Work required - Every line of the material is to be duplicated precisely.

Provided material -
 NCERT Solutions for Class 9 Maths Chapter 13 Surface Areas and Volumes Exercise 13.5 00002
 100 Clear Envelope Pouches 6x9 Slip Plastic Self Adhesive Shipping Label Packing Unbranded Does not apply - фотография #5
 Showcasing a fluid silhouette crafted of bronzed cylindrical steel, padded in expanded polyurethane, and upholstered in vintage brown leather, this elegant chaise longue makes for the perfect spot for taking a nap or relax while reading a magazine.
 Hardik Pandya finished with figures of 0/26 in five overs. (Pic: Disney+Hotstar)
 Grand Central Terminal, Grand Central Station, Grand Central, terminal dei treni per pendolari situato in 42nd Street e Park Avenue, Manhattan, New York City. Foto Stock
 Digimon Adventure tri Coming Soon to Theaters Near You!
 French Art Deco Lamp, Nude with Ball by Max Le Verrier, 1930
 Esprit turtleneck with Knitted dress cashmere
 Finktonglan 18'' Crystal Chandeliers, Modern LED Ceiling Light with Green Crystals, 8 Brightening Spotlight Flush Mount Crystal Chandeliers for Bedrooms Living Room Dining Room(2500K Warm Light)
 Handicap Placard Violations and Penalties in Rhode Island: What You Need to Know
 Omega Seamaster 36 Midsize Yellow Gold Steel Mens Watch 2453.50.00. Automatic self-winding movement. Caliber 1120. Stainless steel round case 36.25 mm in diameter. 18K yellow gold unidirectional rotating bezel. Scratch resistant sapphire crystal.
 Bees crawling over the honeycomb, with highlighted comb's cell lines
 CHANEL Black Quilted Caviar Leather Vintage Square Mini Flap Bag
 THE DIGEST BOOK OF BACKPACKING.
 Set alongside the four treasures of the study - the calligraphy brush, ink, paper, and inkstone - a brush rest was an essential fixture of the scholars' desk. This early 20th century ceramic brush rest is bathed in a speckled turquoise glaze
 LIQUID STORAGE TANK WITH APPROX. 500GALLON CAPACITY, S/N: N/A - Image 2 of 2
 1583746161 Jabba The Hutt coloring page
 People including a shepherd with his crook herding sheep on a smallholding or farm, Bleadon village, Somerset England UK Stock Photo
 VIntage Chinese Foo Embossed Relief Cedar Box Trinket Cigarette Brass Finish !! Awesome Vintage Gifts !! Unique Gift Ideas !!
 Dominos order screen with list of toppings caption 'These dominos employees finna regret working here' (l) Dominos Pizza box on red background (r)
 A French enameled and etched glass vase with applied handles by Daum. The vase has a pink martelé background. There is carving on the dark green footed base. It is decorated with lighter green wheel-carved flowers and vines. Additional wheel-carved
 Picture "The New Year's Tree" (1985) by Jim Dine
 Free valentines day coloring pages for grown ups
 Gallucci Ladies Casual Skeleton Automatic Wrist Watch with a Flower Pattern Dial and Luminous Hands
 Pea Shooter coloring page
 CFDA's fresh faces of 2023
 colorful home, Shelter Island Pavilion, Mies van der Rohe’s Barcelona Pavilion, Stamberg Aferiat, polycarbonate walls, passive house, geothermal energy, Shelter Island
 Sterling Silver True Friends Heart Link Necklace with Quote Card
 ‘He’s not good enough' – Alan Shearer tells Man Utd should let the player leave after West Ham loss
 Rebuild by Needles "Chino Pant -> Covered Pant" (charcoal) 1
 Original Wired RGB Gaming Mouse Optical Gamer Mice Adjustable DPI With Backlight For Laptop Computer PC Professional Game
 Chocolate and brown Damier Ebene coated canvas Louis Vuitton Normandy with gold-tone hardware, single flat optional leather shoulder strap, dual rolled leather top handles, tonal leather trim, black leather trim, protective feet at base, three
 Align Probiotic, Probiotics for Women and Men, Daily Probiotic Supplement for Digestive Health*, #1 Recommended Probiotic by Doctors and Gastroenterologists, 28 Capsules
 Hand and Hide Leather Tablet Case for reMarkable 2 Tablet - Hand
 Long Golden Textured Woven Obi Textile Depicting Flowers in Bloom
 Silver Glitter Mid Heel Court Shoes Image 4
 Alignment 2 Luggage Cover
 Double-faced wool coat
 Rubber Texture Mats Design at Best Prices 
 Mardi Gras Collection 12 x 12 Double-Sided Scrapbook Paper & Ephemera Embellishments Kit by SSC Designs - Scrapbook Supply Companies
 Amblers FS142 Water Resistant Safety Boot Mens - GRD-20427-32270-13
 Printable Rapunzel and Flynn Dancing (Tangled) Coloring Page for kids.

Written reply -
 NCERT Solutions for Class 9 Maths Chapter 13 Surface Areas and Volumes Exercise 13.5 00002
 100 Clear Envelope Pouches 6x9 Slip Plastic Self Adhesive Shipping Label Packing Unbranded Does not apply - фотография #5
 Showcasing a fluid silhouette crafted of bronzed cylindrical steel, padded in expanded polyurethane, and upholstered in vintage brown leather, this elegant chaise longue makes for the perfect spot for taking a nap or relax while reading a magazine.
 Hardik Pandya finished with figures of 0/26 in five overs. (Pic: Disney+Hotstar)
 Grand Central Terminal, Grand Central Station, Grand Central, terminal dei treni per pendolari situato in 42nd Street e Park Avenue, Manhattan, New York City. Foto Stock
 Digimon Adventure tri Coming Soon to Theaters Near You!
 French Art Deco Lamp, Nude with Ball by Max Le Verrier, 1930
 Esprit turtleneck with Knitted dress cashmere
 Finktonglan 18'' Crystal Chandeliers, Modern LED Ceiling Light with Green Crystals, 8 Brightening Spotlight Flush Mount Crystal Chandeliers for Bedrooms Living Room Dining Room(2500K Warm Light)
 Handicap Placard Violations and Penalties in Rhode Island: What You Need to Know
 Omega Seamaster 36 Midsize Yellow Gold Steel Mens Watch 2453.50.00. Automatic self-winding movement. Caliber 1120. Stainless steel round case 36.25 mm in diameter. 18K yellow gold unidirectional rotating bezel. Scratch resistant sapphire crystal.
 Bees crawling over the honeycomb, with highlighted comb's cell lines
 CHANEL Black Quilted Caviar Leather Vintage Square Mini Flap Bag
 THE DIGEST BOOK OF BACKPACKING.
 Set alongside the four treasures of the study - the calligraphy brush, ink, paper, and inkstone - a brush rest was an essential fixture of the scholars' desk. This early 20th century ceramic brush rest is bathed in a speckled turquoise glaze
 LIQUID STORAGE TANK WITH APPROX. 500GALLON CAPACITY, S/N: N/A - Image 2 of 2
 1583746161 Jabba The Hutt coloring page
 People including a shepherd with his crook herding sheep on a smallholding or farm, Bleadon village, Somerset England UK Stock Photo
 VIntage Chinese Foo Embossed Relief Cedar Box Trinket Cigarette Brass Finish !! Awesome Vintage Gifts !! Unique Gift Ideas !!
 Dominos order screen with list of toppings caption 'These dominos employees finna regret working here' (l) Dominos Pizza box on red background (r)
 A French enameled and etched glass vase with applied handles by Daum. The vase has a pink martelé background. There is carving on the dark green footed base. It is decorated with lighter green wheel-carved flowers and vines. Additional wheel-carved
 Picture "The New Year's Tree" (1985) by Jim Dine
 Free valentines day coloring pages for grown ups
 Gallucci Ladies Casual Skeleton Automatic Wrist Watch with a Flower Pattern Dial and Luminous Hands
 Pea Shooter coloring page
 CFDA's fresh faces of 2023
 colorful home, Shelter Island Pavilion, Mies van der Rohe’s Barcelona Pavilion, Stamberg Aferiat, polycarbonate walls, passive house, geothermal energy, Shelter Island
 Sterling Silver True Friends Heart Link Necklace with Quote Card
 ‘He’s not good enough' – Alan Shearer tells Man Utd should let the player leave after West Ham loss
 Rebuild by Needles "Chino Pant -> Covered Pant" (charcoal) 1
 Original Wired RGB Gaming Mouse Optical Gamer Mice Adjustable DPI With Backlight For Laptop Computer PC Professional Game
 Chocolate and brown Damier Ebene coated canvas Louis Vuitton Normandy with gold-tone hardware, single flat optional leather shoulder strap, dual rolled leather top handles, tonal leather trim, black leather trim, protective feet at base, three
 Align Probiotic, Probiotics for Women and Men, Daily Probiotic Supplement for Digestive Health*, #1 Recommended Probiotic by Doctors and Gastroenterologists, 28 Capsules
 Hand and Hide Leather Tablet Case for reMarkable 2 Tablet - Hand
 Long Golden Textured Woven Obi Textile Depicting Flowers in Bloom
 Silver Glitter Mid Heel Court Shoes Image 4
 Alignment 2 Luggage Cover
 Double-faced wool coat
 Rubber Texture Mats Design at Best Prices 
 Mardi Gras Collection 12 x 12 Double-Sided Scrapbook Paper & Ephemera Embellishments Kit by SSC Designs - Scrapbook Supply Companies
 Amblers FS142 Water Resistant Safety Boot Mens - GRD-20427-32270-13
 Printable Rapunzel and Flynn Dancing (Tangled) Coloring Page for kids.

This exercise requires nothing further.